# New Track For Dark Fantasy Album I am Working On :)



## SimonCharlesHanna (Oct 15, 2018)

Hey all!

Wanted to share my hard work! Hopefully you enjoy - still mixing at the moment. 

 

Feedback is always welcome!


----------



## ka00 (Oct 15, 2018)

This is outstanding, Simon! Congrats on another great piece.

How long does it take you to create something this fleshed out and detailed? Do you start on piano?


----------



## richardt4520 (Oct 15, 2018)

Wow! Very nice!


----------



## TheSigillite (Oct 15, 2018)

Just spent the last hour listening to the rest of our soundcloud. Awesome stuff! Look forward to the album.


----------



## dariusofwest (Oct 15, 2018)

Super cool Simon! Great sound, nice use of string fx too, really nice use of the violin soloist as well :D


----------



## SimonCharlesHanna (Oct 15, 2018)

ka00 said:


> This is outstanding, Simon! Congrats on another great piece.
> 
> How long does it take you to create something this fleshed out and detailed? Do you start on piano?


Thanks mate! I start on the piano to get the basic thematic material out but quickly move to some light orchestration.

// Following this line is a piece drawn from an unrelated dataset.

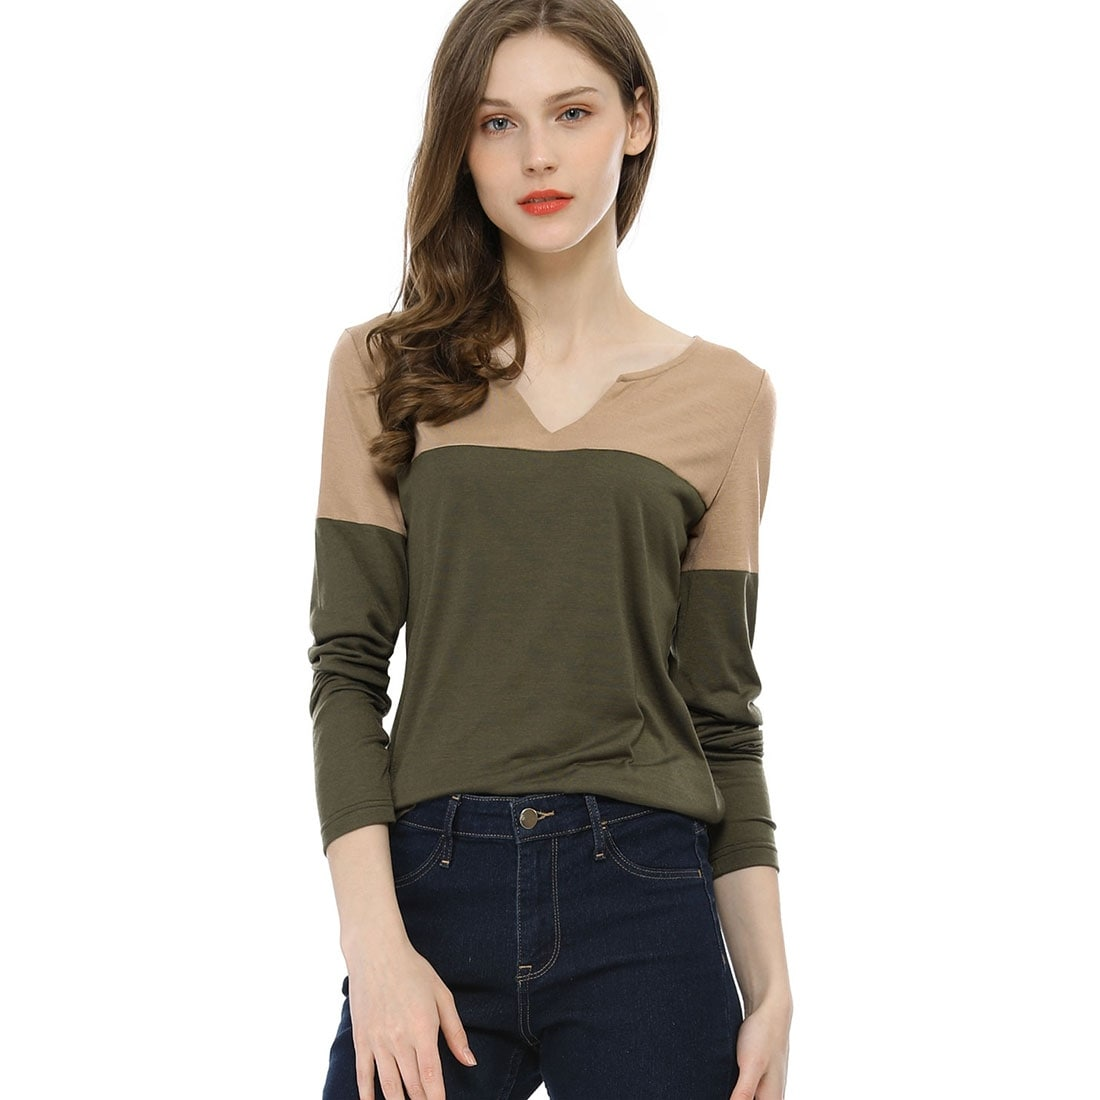 9bdec6c8d45 Shop Unique Bargains Women Split V-neck Long Sleeves Color Block T-Shirt -  Free Shipping On Orders Over $45 - Overstock - 28267345
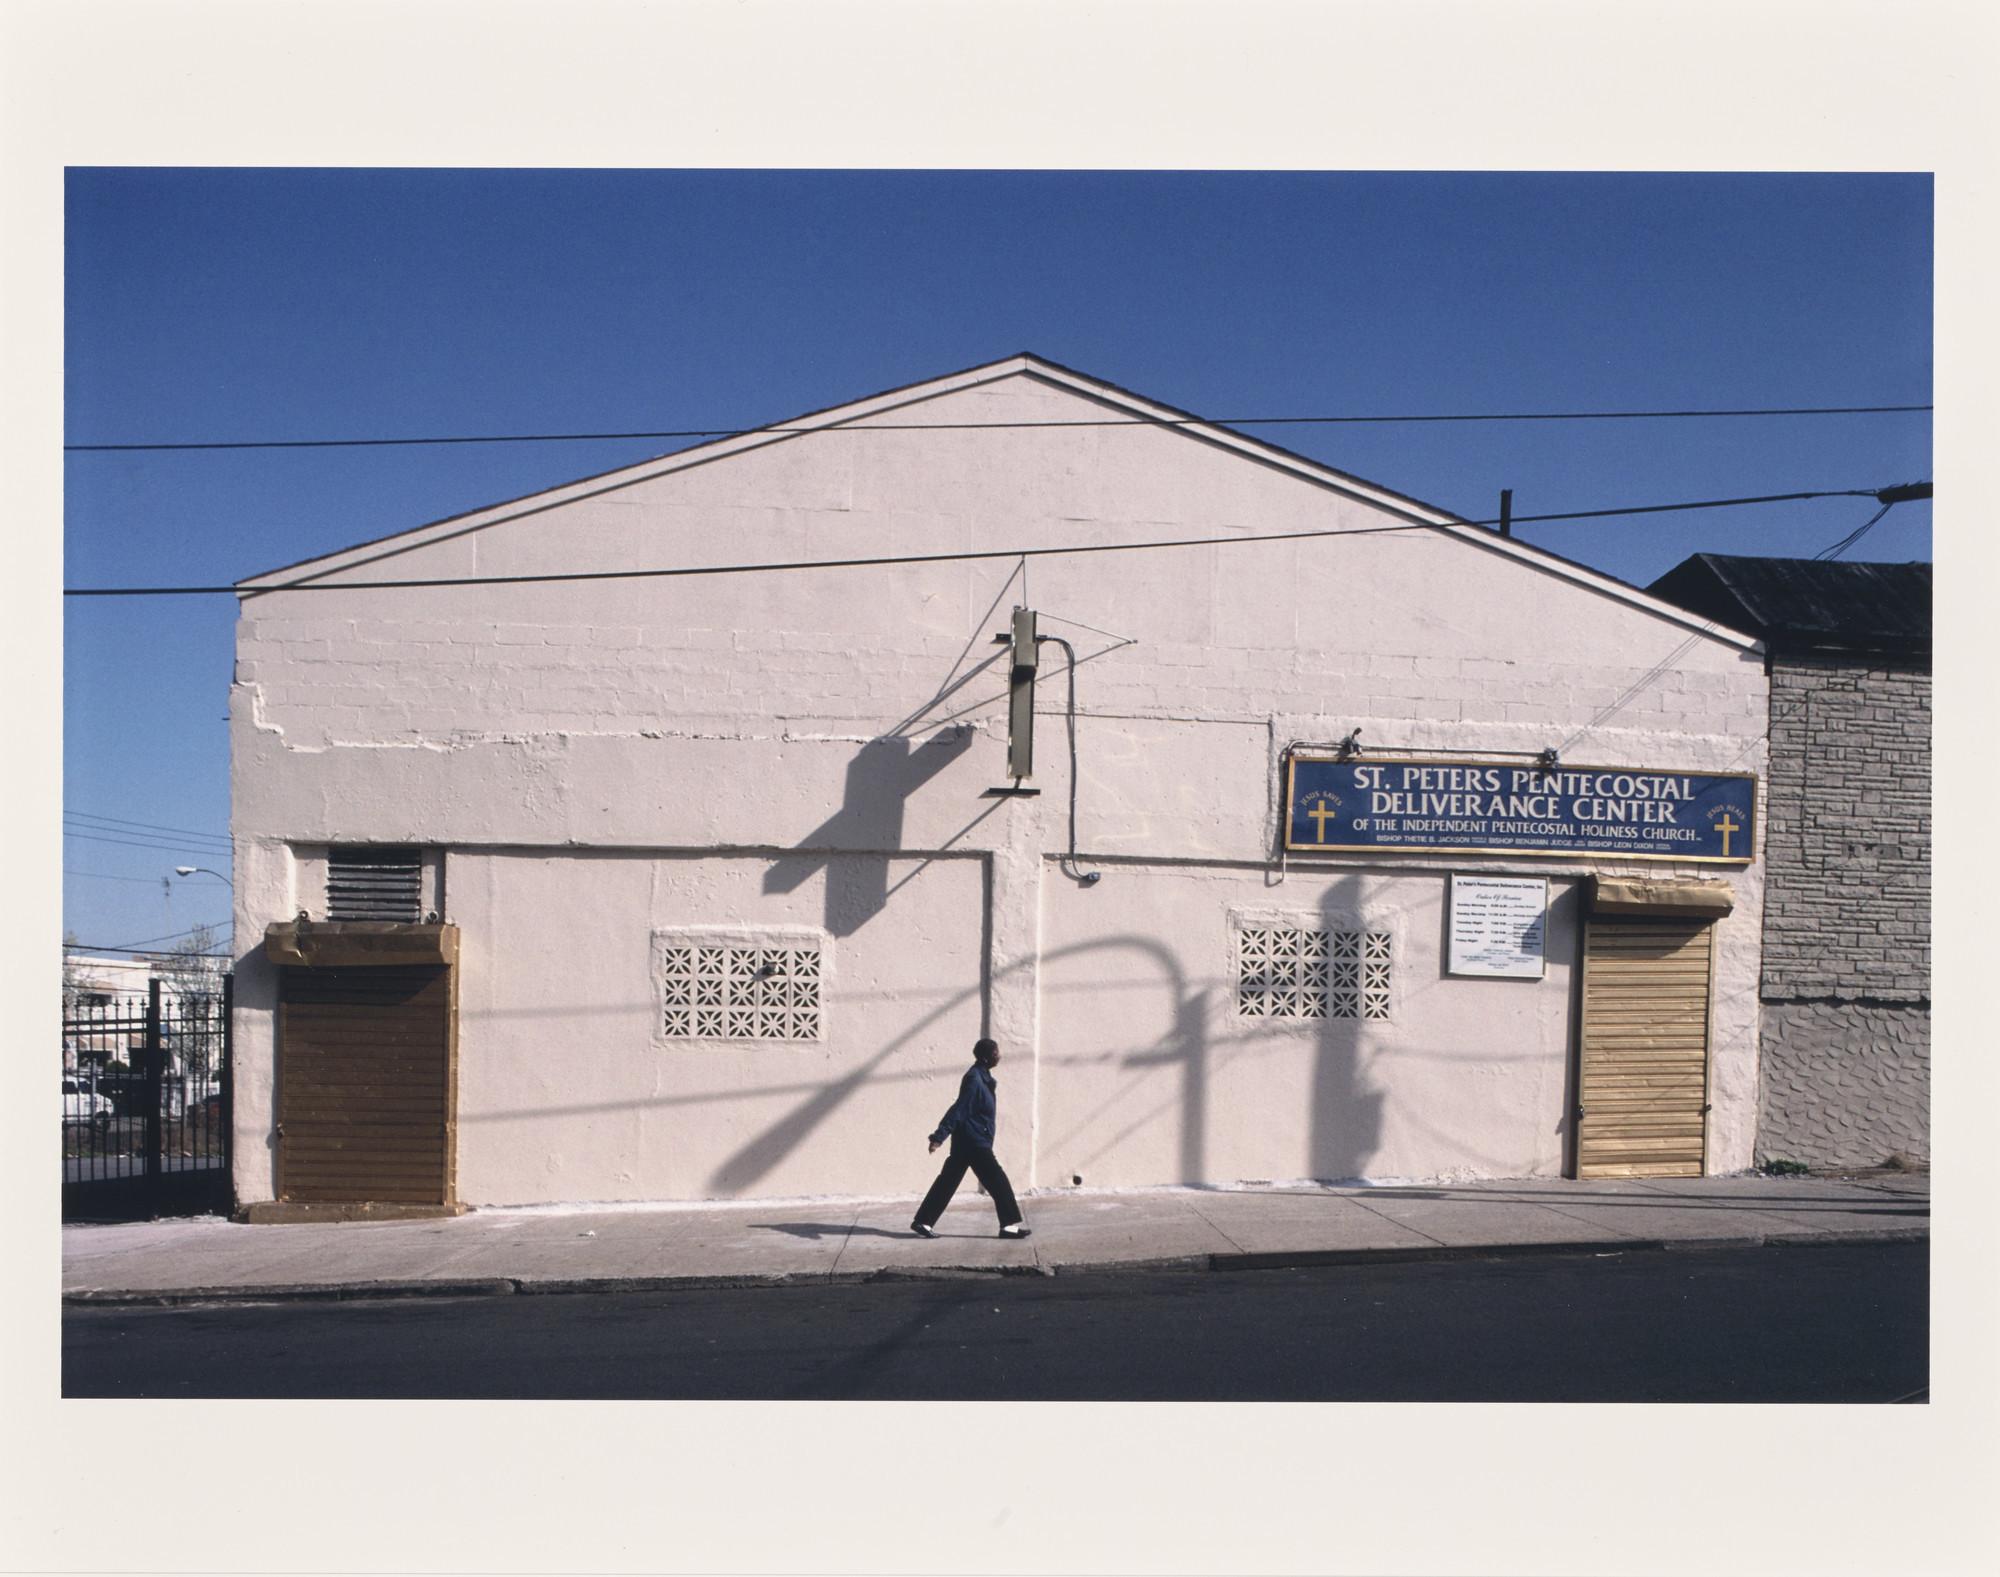 "Camilo José Vergara's ""Saint Peter's Pentecostal Deliverance Center, 937 Home Street, South Bronx, 2002."""

This one took me maybe 30-40 hours I would say but I work full time (not music related) so that is 2 weeks work really.


TheSigillite said:


> Just spent the last hour listening to the rest of our soundcloud. Awesome stuff! Look forward to the album.


Glad you enjoyed my work! 


richardt4520 said:


> Wow! Very nice!


 Thank you


dariusofwest said:


> Super cool Simon! Great sound, nice use of string fx too, really nice use of the violin soloist as well :D


Thanks mate! Yeah the soloist worked out pretty well :D
You should hear the VST Solo Violin attempt to play this - atrocious


----------



## SimonCharlesHanna (Oct 15, 2018)

ka00 said:


> Oh right, you were looking for a soloist last week. Ah man, I was listening to it thinking I needed to try to get more out of Embertone's Joshua Bell because you had worked it so well. So not even close to the real thing then?


haha noooo - I've only played with Joshua Bell Violin, I don't own it; I was using Bohemian Violin. I think I said this in the other thread but as good as Bohemian is (or any other for that matter), it was not even close to convincing for this track.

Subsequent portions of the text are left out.